We couldn't easily fix the worker churn - the application behavior was too deeply rooted. But there were two more knobs that we could control. We could scale up the services and fix the spot terminations. I had constrained Karpenter to have near-perfect binpacking, but once spot disruptions got worse for the node type, Karpenter didn't have any room to make better decisions. It needed some room to breathe.

The quickest thing to fix was slightly increasing the number of services we ran. Then, I got to work on Karpenter. I opened up which node types it could use, and gave it more selection of sizes. I knew this would result in less perfect binpacking, but it wasn't going to regress us that badly. I moved us to use the Bottlerocket AMI so that nodes would spin up faster. Additionally, I allowed on-demand capacity to function at equal weight as spot. Karpenter was now free to make decisions, and I was able to scale our services back down without a rise in errors.

In the End

Karpenter is way healthier than before and our costs are way down. Dev runs about 72% lower in provisioned CPU than where we started. Node-side slack is tight in dev (~14% slack). Production runs tighter at night and looser during the day - we gave Karpenter more room after the CPU and spot issues, since tight binpacking plus high spot churn turned out to be a bad combination.

The leftover frustration is the pod-side slack (the gap between what pods request and what they actually use). Request-vs-used gaps are still wide, especially in production where we request roughly 7x what we actually use during the day. CastAI was at a similar ratio in our dev trial - they pulled requests way down but still kept plenty of headroom over what we actually used. Sizing tighter runs into CPU throttling. I'm not yet sure how to close that gap without inviting throttling back. I think this deserves some load testing to really find the limits.

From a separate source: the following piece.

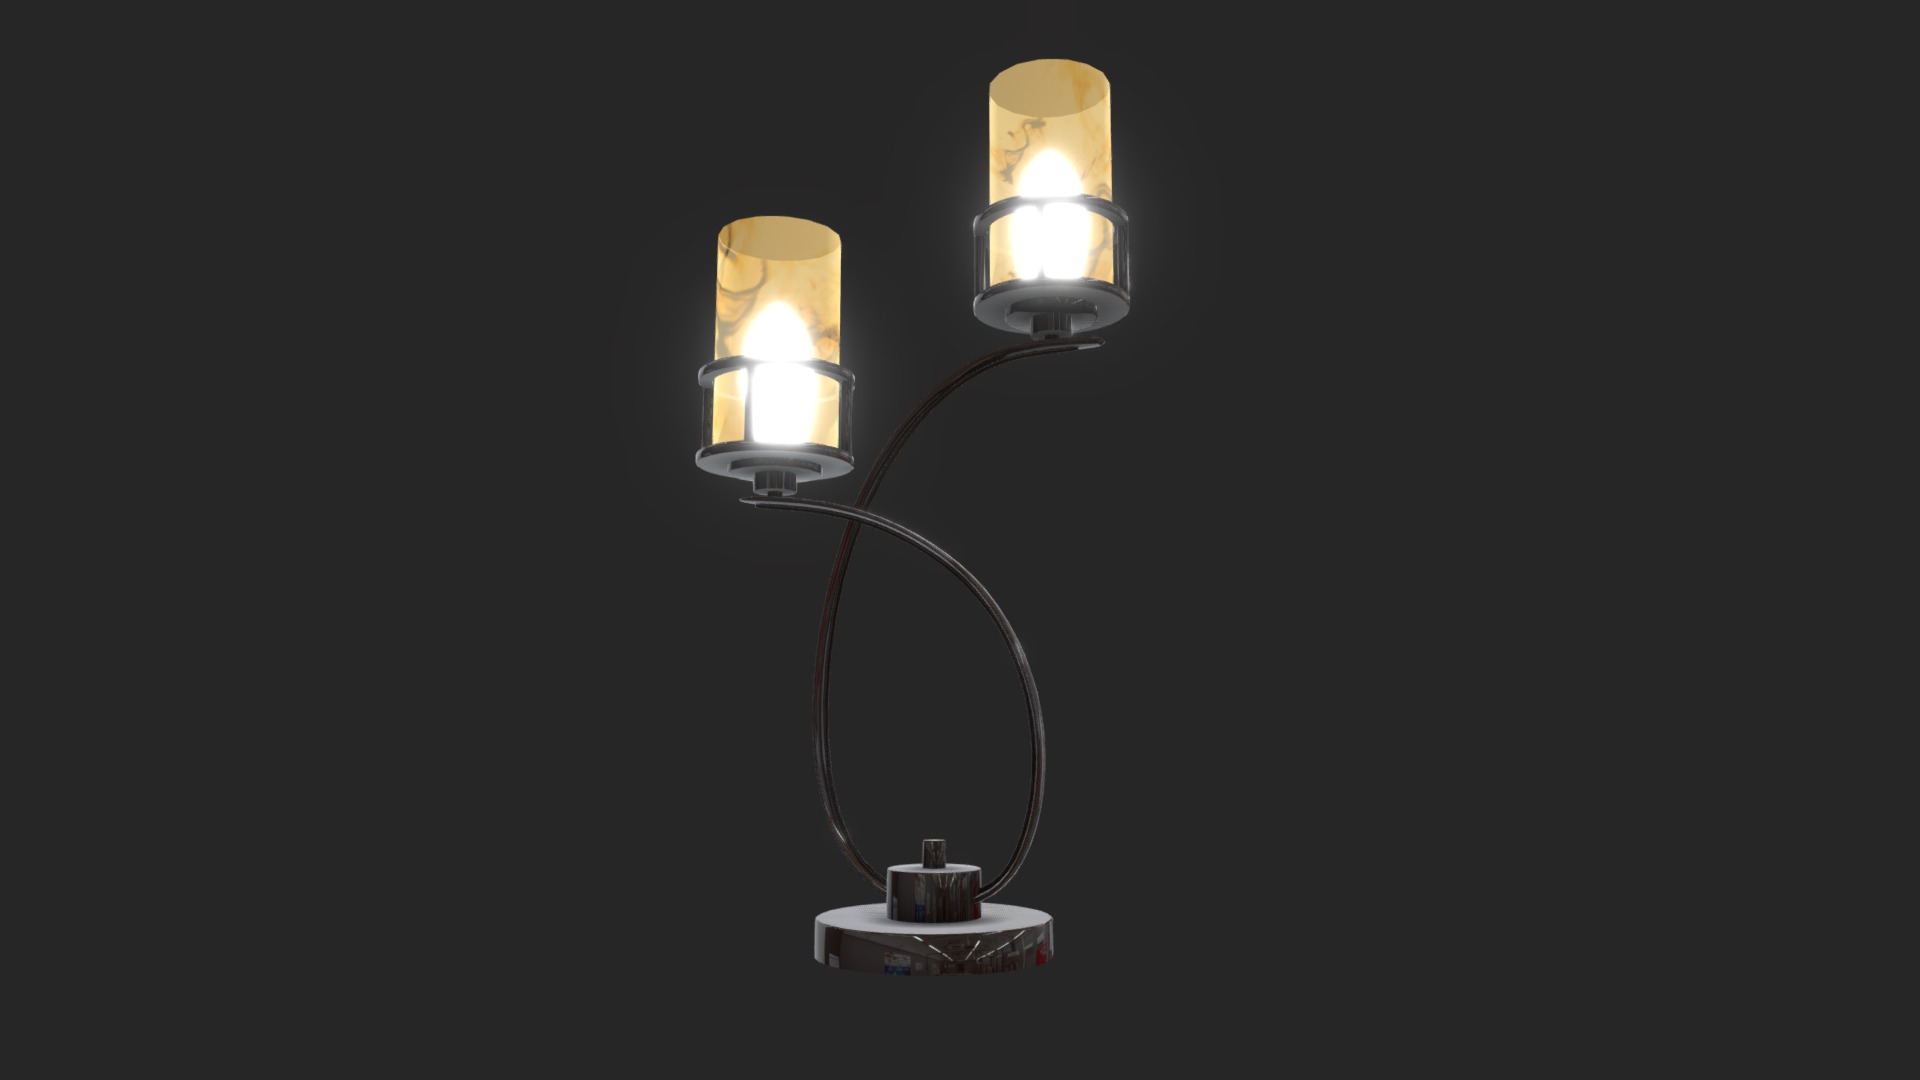 3D model HGPL-54 - This is a 3D model of the HGPL-54. The 3D model is about a group of light bulbs.

Why not just pay for CastAI now? At our current efficiency, it would save maybe another 10% on compute, but the platform fees plus per-node charges would cost about 2x what we'd save - and that's at our 50% discount. Plus a year commitment, with no way to test production workloads during the trial. CastAI optimizes aggressively, and after watching thin CPU margins cause incidents in our own cron, I don't trust an outside system to make those calls in prod - at least not without rigorous testing, which we weren't allowed to do.

We have alarms on binpacking efficiency and on vertical/horizontal sizing drift. Rightsizing is a continuous process, and we'll make it a quarterly review to revisit node costs.